Победитель некоторое время колебался. Разумеется, он без труда прочел и понял невысказанное проклятие в блестящих черных глазах, и душа его в страхе смутилась увиденным. Наконец он решился. Тонкие губы упрямо сжались, и маг с силой прижал красный камень к груди побежденного.
Тело на полу скорчилось и забилось в мучительной агонии. Пронзительный крик сорвался с губ поверженного мага и захлебнулся в кровавой пене. Кожа жертвы ссыхалась и трескалась, как древний пергамент, в то время как широко раскрытые глаза бессмысленно смотрели в темноту. Понемногу тело на полу превращалось в высохшую мумию.

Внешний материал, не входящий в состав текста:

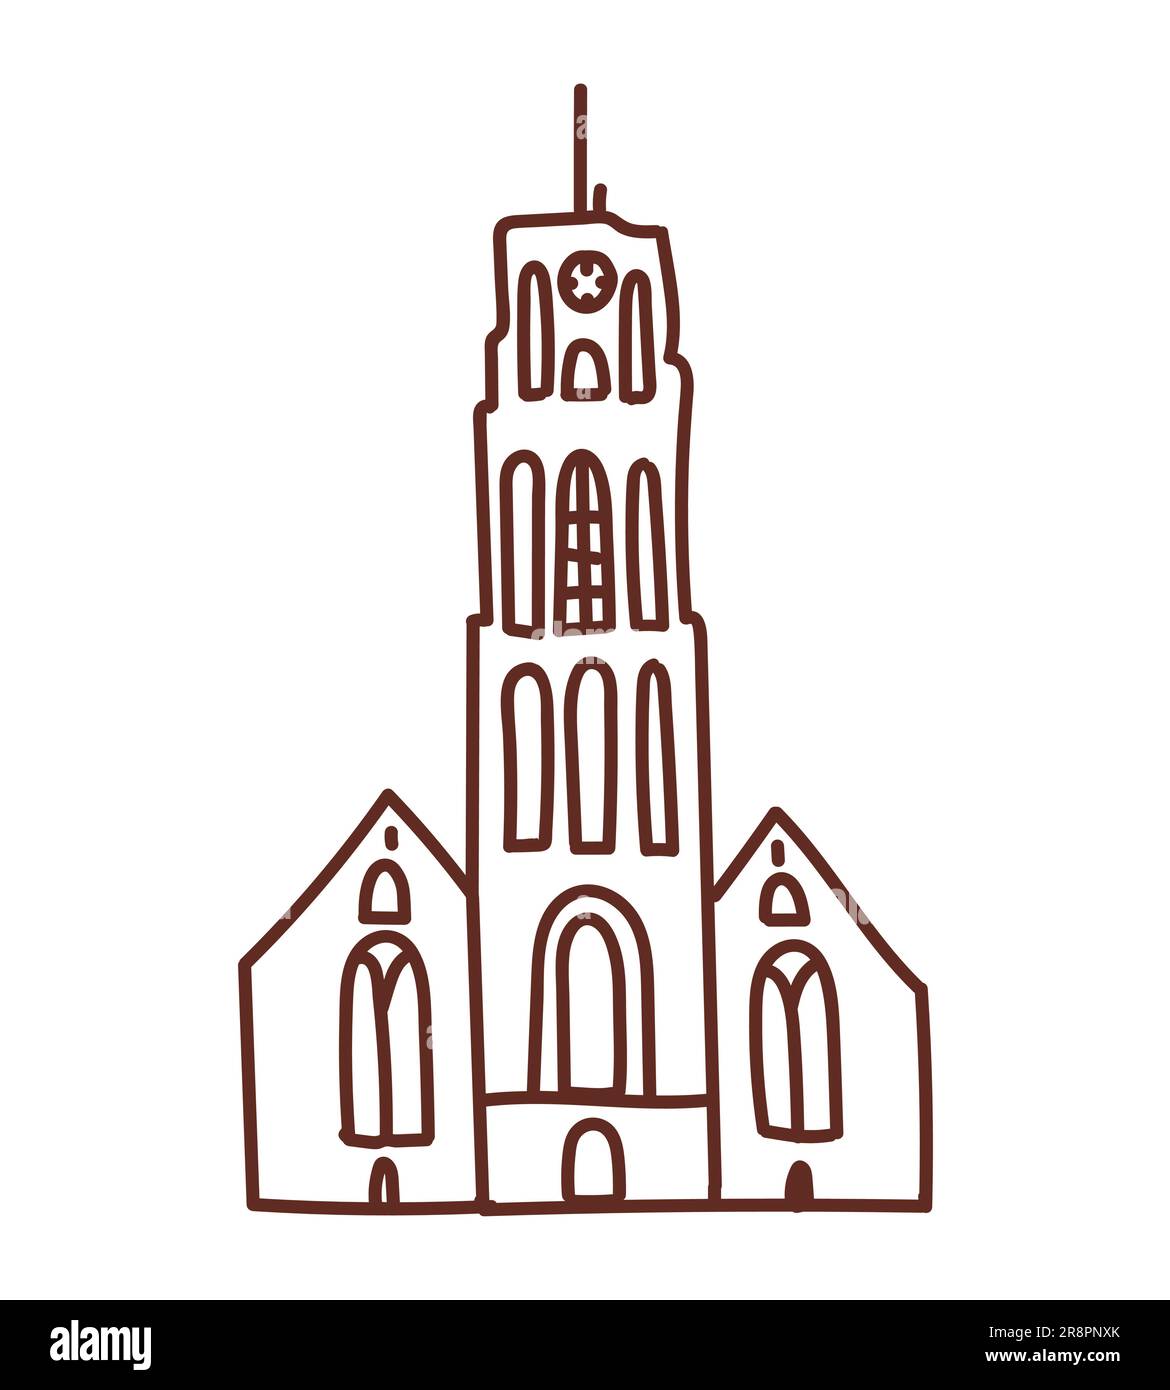 Hand drawn doodle church with a steeple and clock on the wall. Simple childish drawing isolated on white Stock Vector
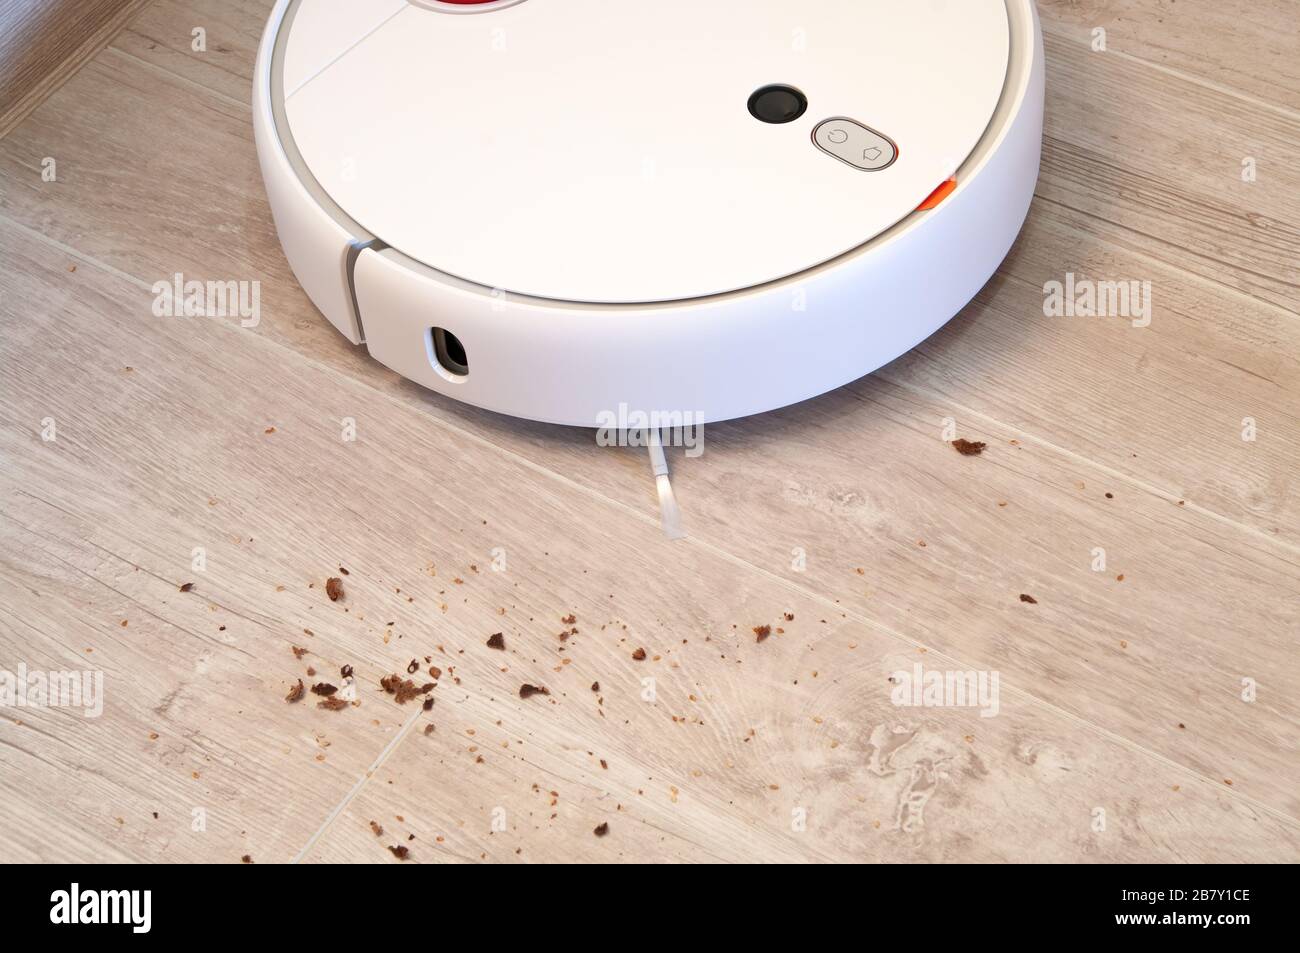 Robotic vacuum cleaner removes breadcrumbs from the laminate wood floor. Smart cleaning technology. Stock Photo

Победитель судорожно вздохнул и повалился рядом со своей жертвой. Он сам был ранен и чрезвычайно слаб, но в руке его сверкал красным огнем волшебный амулет, через который вливалась в него новая жизнь, обещавшая вскоре вернуть ему силы и принести полное выздоровление. В голове мага теснились воспоминания о веках безраздельной власти и необоримого могущества, тысячи заклинаний и магических формул, чудесные и жуткие видения, явленные ему сотни лет назад. Но к этому великому знанию примешивались болезненные воспоминания о брате-близнеце, о слабом, изнуренном недугами теле, о годах жизни, проведенных наедине с тяжкой болью.